Just a heads up, if you do order some you might want to get an extra just in case....

I've tried contacting Taiway to order some in bulk quantities but have made no headway with them.


----------



## tdukes (Mar 25, 2019)

Is they type 1 what the blue ones from tayda are?


----------



## Robert (Mar 25, 2019)

The ones I got from them aren't blue, but yes Tayda carries Type 1.    

The middle position is different though, so they aren't compatible.


----------



## tdukes (Mar 25, 2019)

I sent a text asking about the short shaft and got back:
Hey. I just got an update. Looks like last week of April/first week of May for all Taiways.


----------



## bengarland (Jun 6, 2019)

So is there no way to order this switch from Tayda or Mouser?


----------



## bengarland (Jun 6, 2019)

Unless I'm really not understanding the specs, wouldn't this one work?

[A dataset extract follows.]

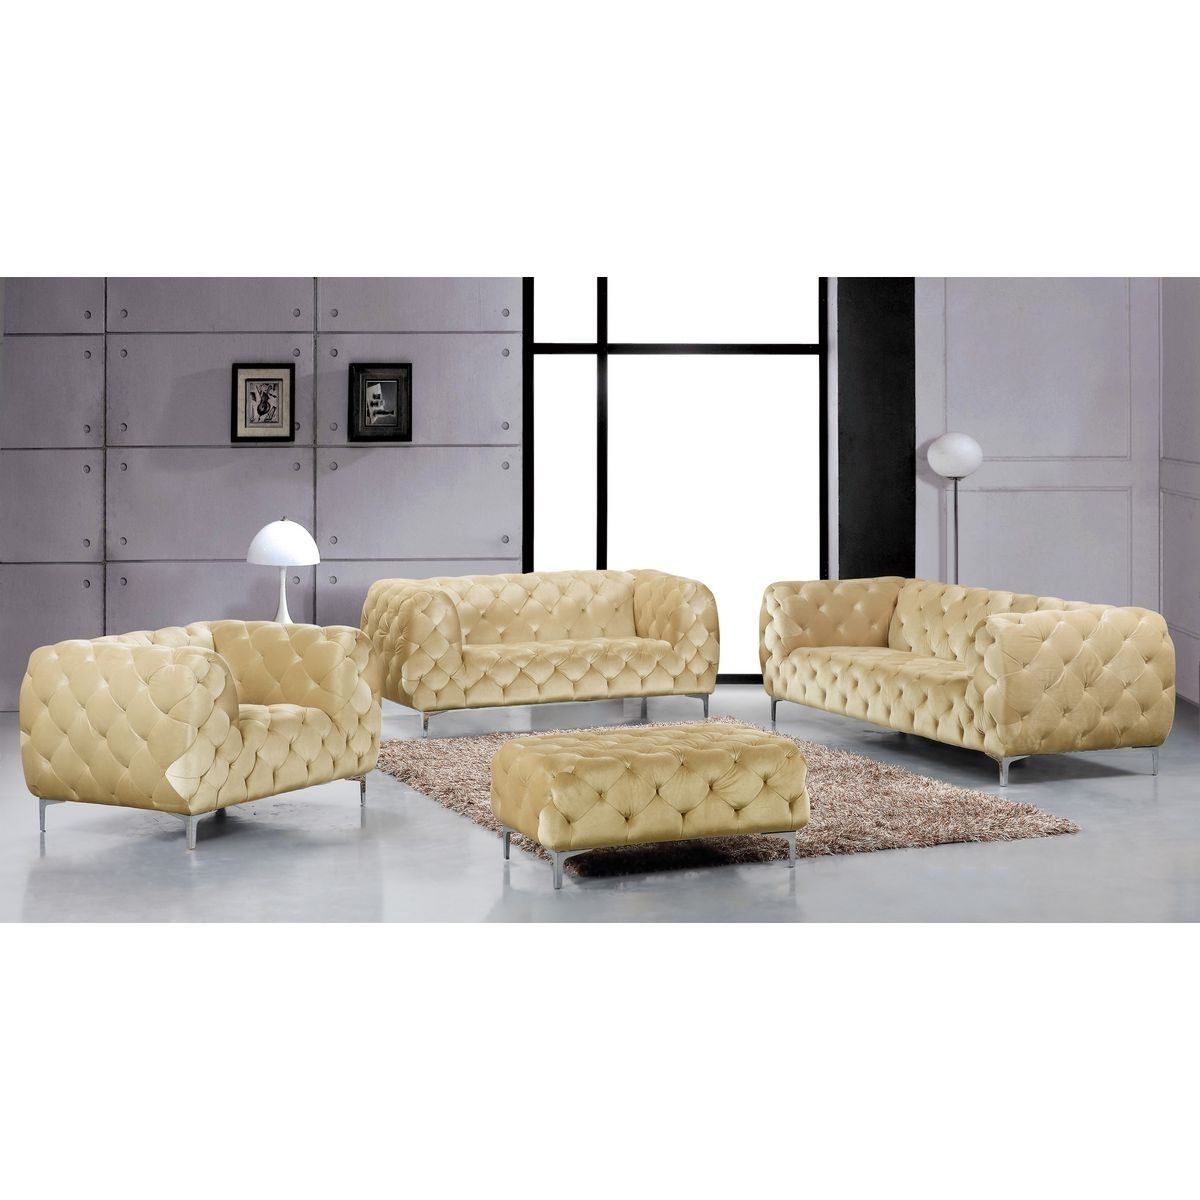 Latest Kijiji Kitchener Sectional Sofas Inside Furniture : Green Tufted Chaise Lounge Furniture Making Ottawa (View 9 of 15)
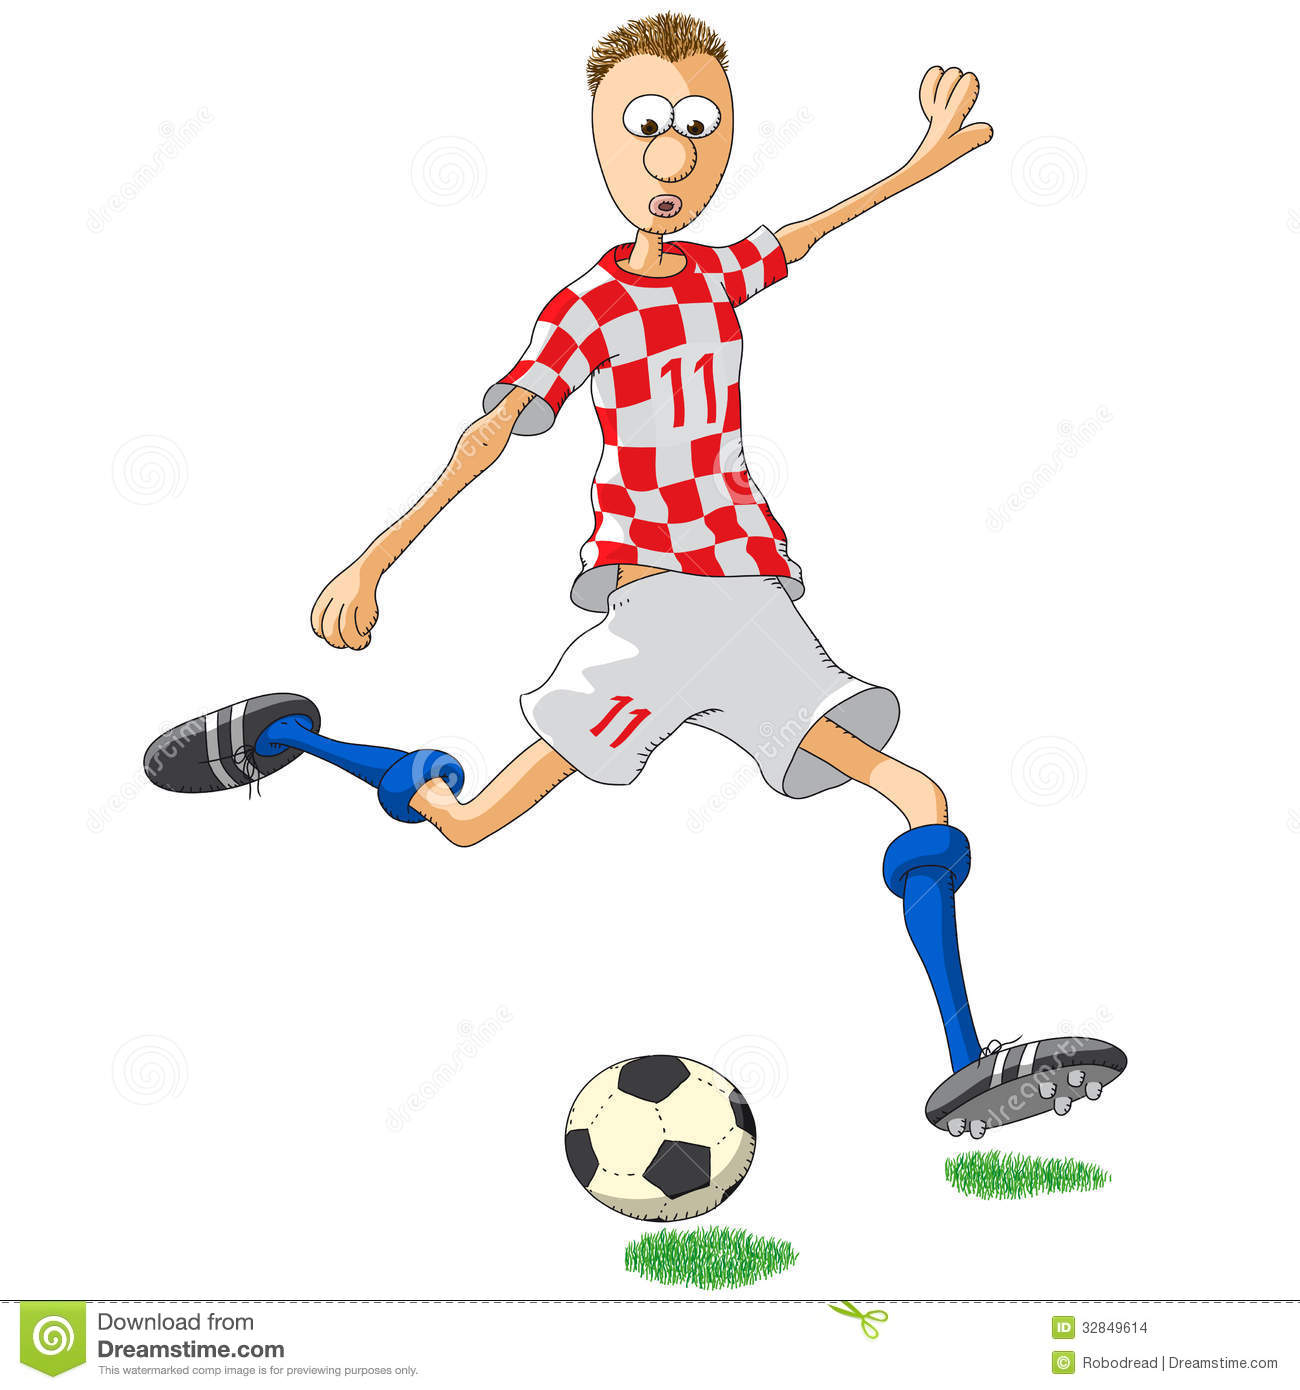 Croatian clipart.

Mouser Part Number: 612-100DP6T1B1M2QE

https://www.mouser.com/datasheet/2/140/100-1079940.pdf


----------



## Robert (Jun 7, 2019)

bengarland said:


> Unless I'm really not understanding the specs, wouldn't this one work?
> 
> Mouser Part Number: 612-100DP6T1B1M2QE



It looks like it _should_, yes.   I would go with the M1 (solder lug) instead of M2 (solder pin) just because lugs will fill the mounting holes better.


----------